INFORMATION PROVIDED.
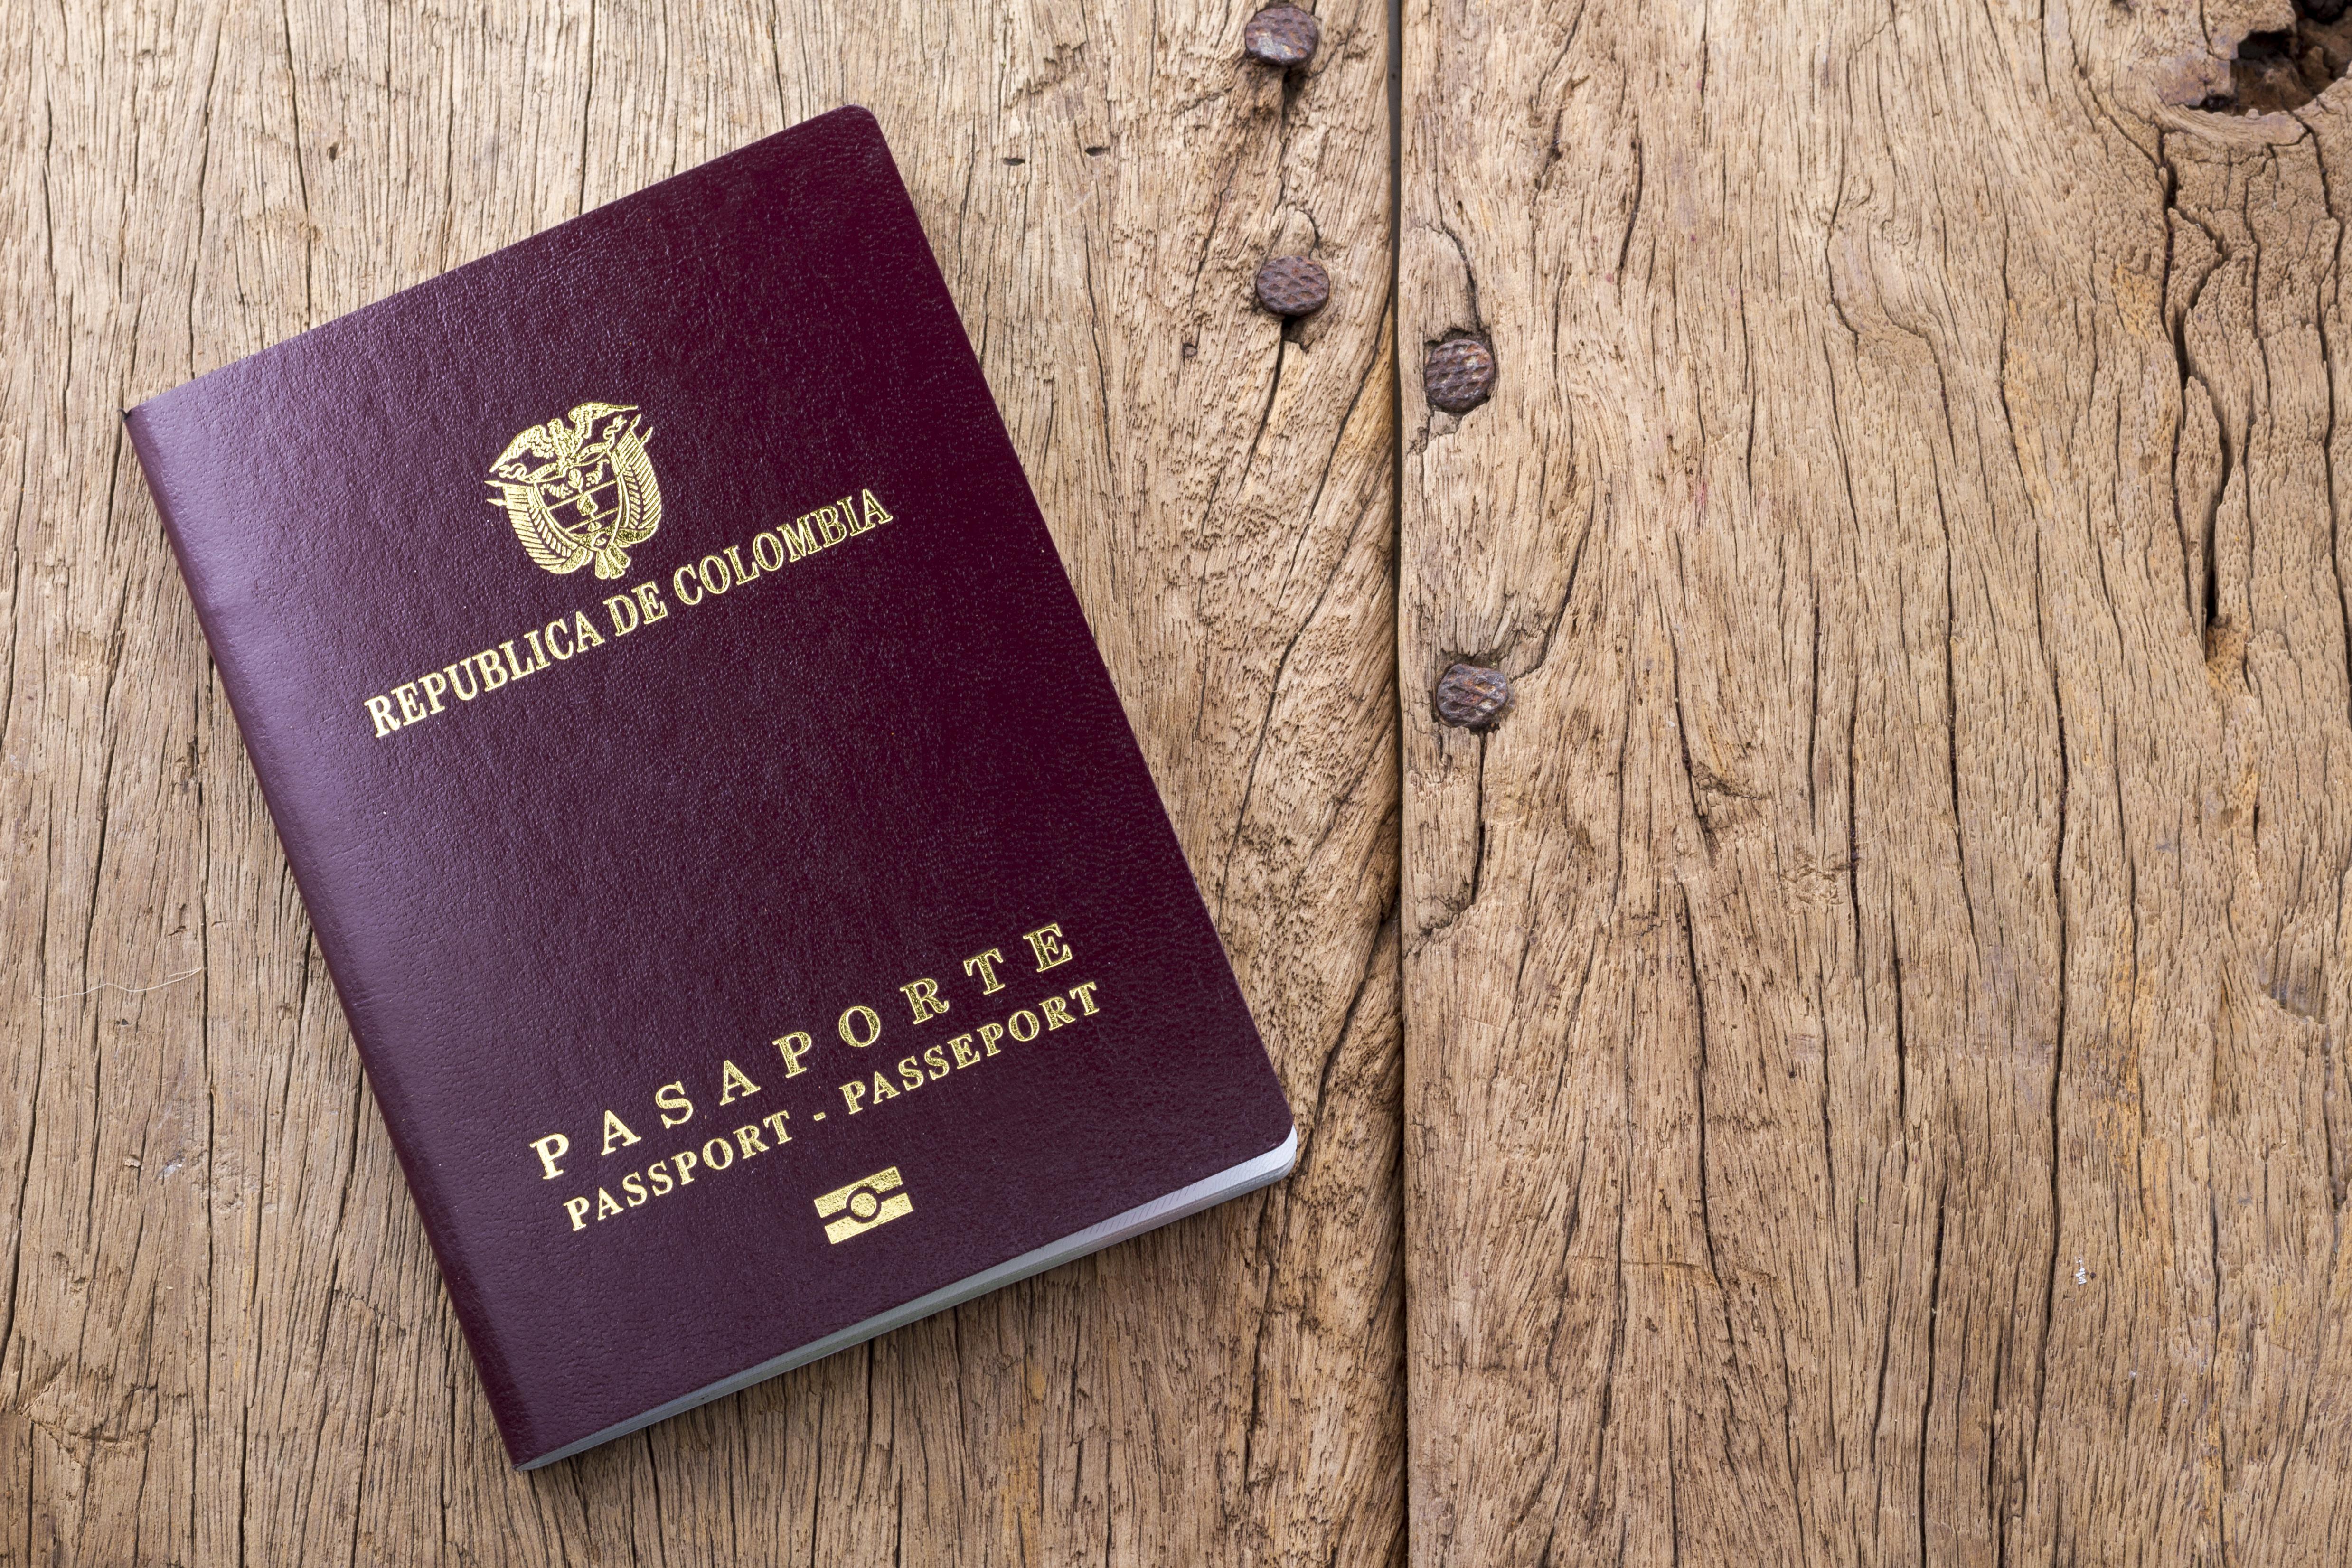 Колумбийский паспорт, который могут оформить иностранцы
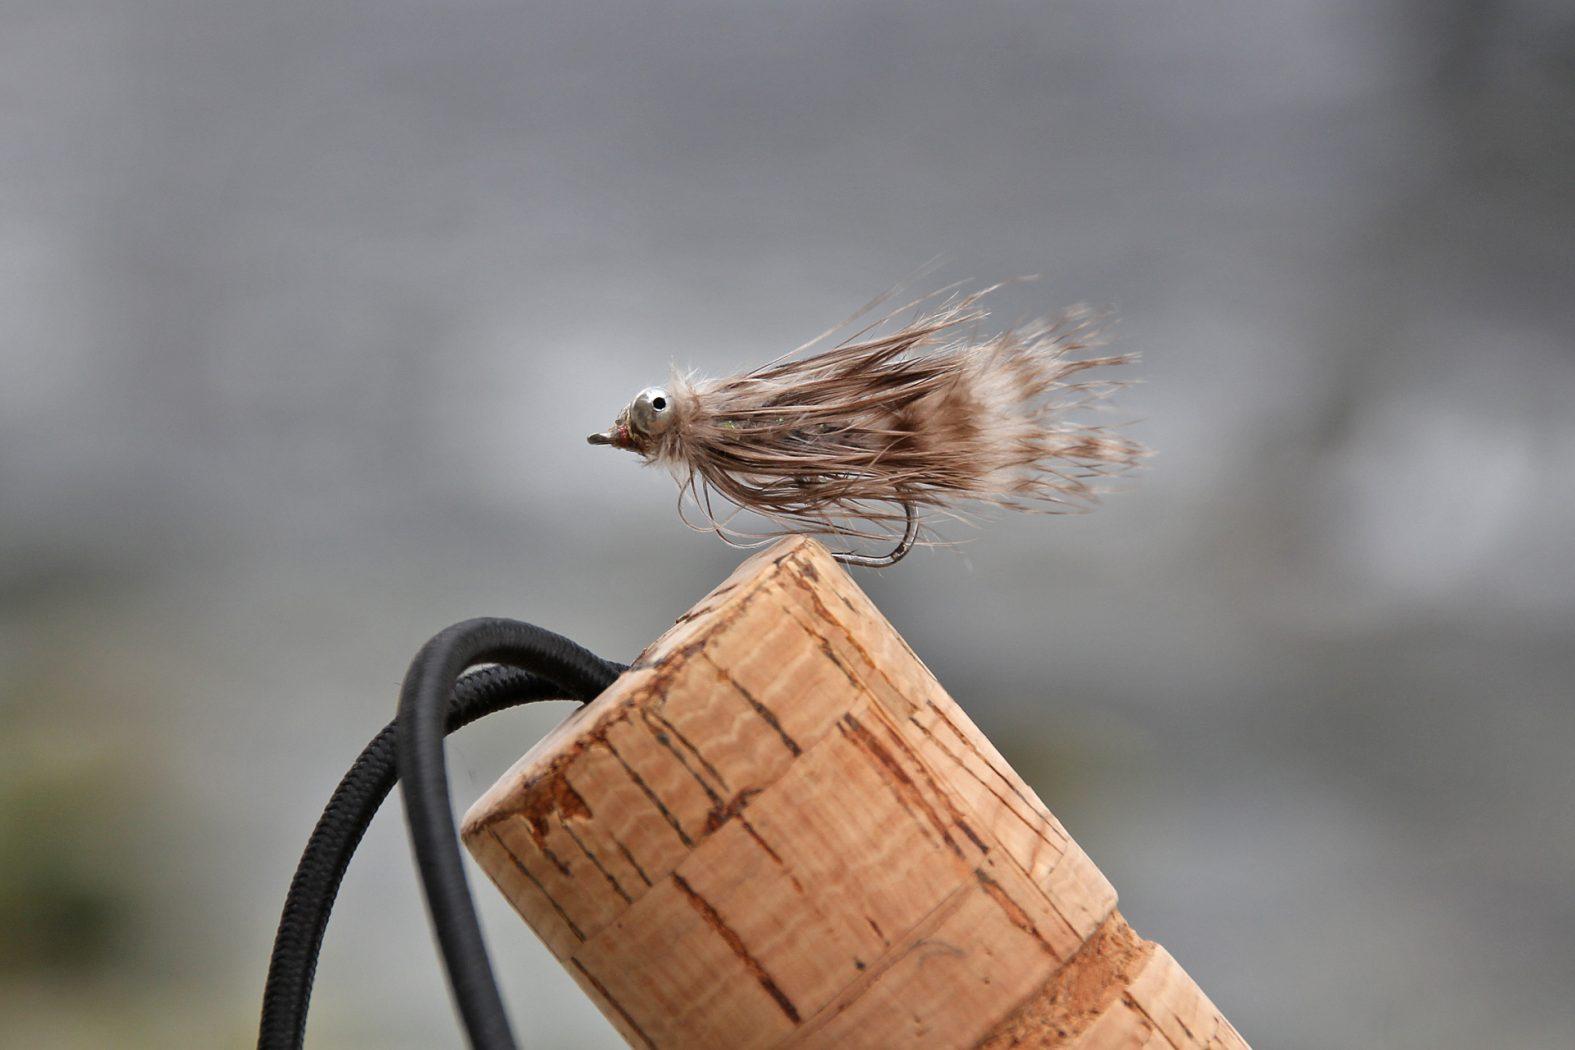 Meerforellenfliege für den Herbst
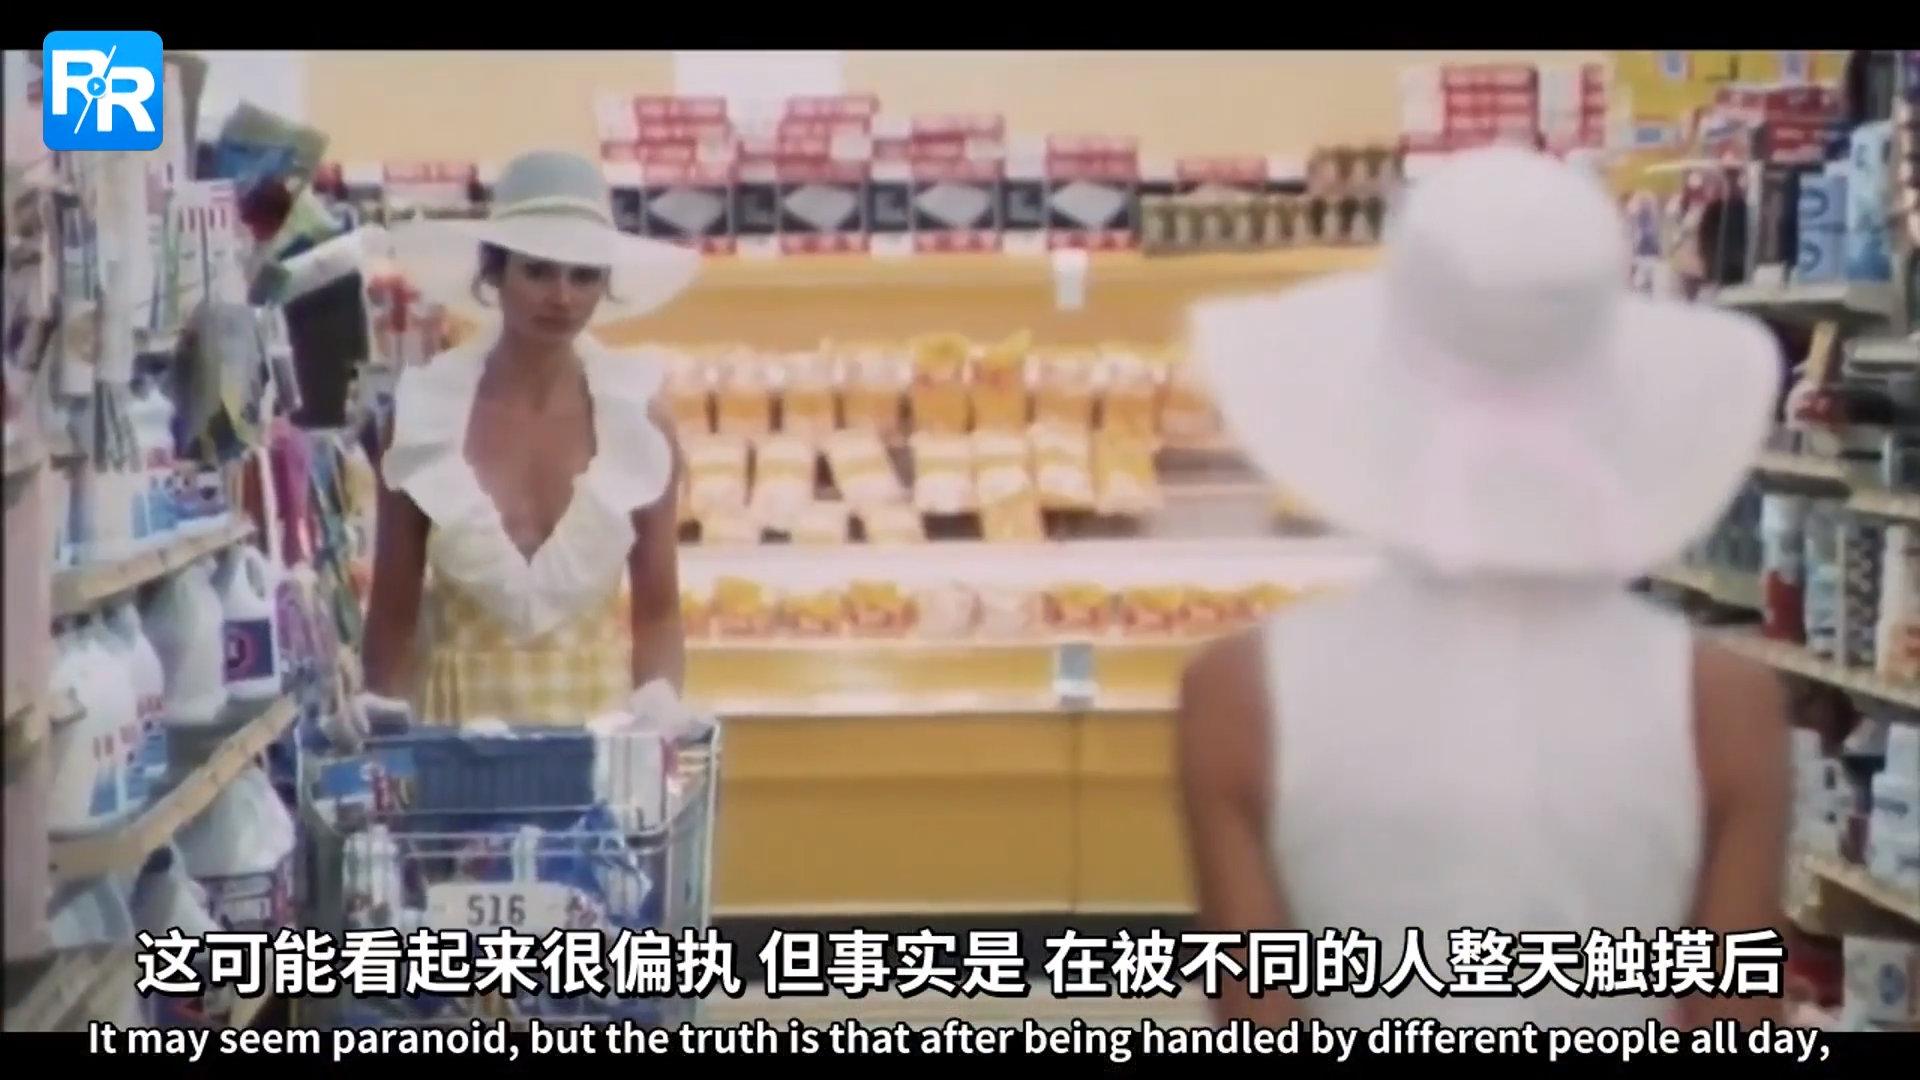 去超市购物的几个高效省钱技巧!除了提前准备好购物清单

TASK REQUIREMENTS.
Without the images, write out each line of the data verbatim.

RESPONSE.
 Колумбийский паспорт, который могут оформить иностранцы
 Meerforellenfliege für den Herbst
 去超市购物的几个高效省钱技巧!除了提前准备好购物清单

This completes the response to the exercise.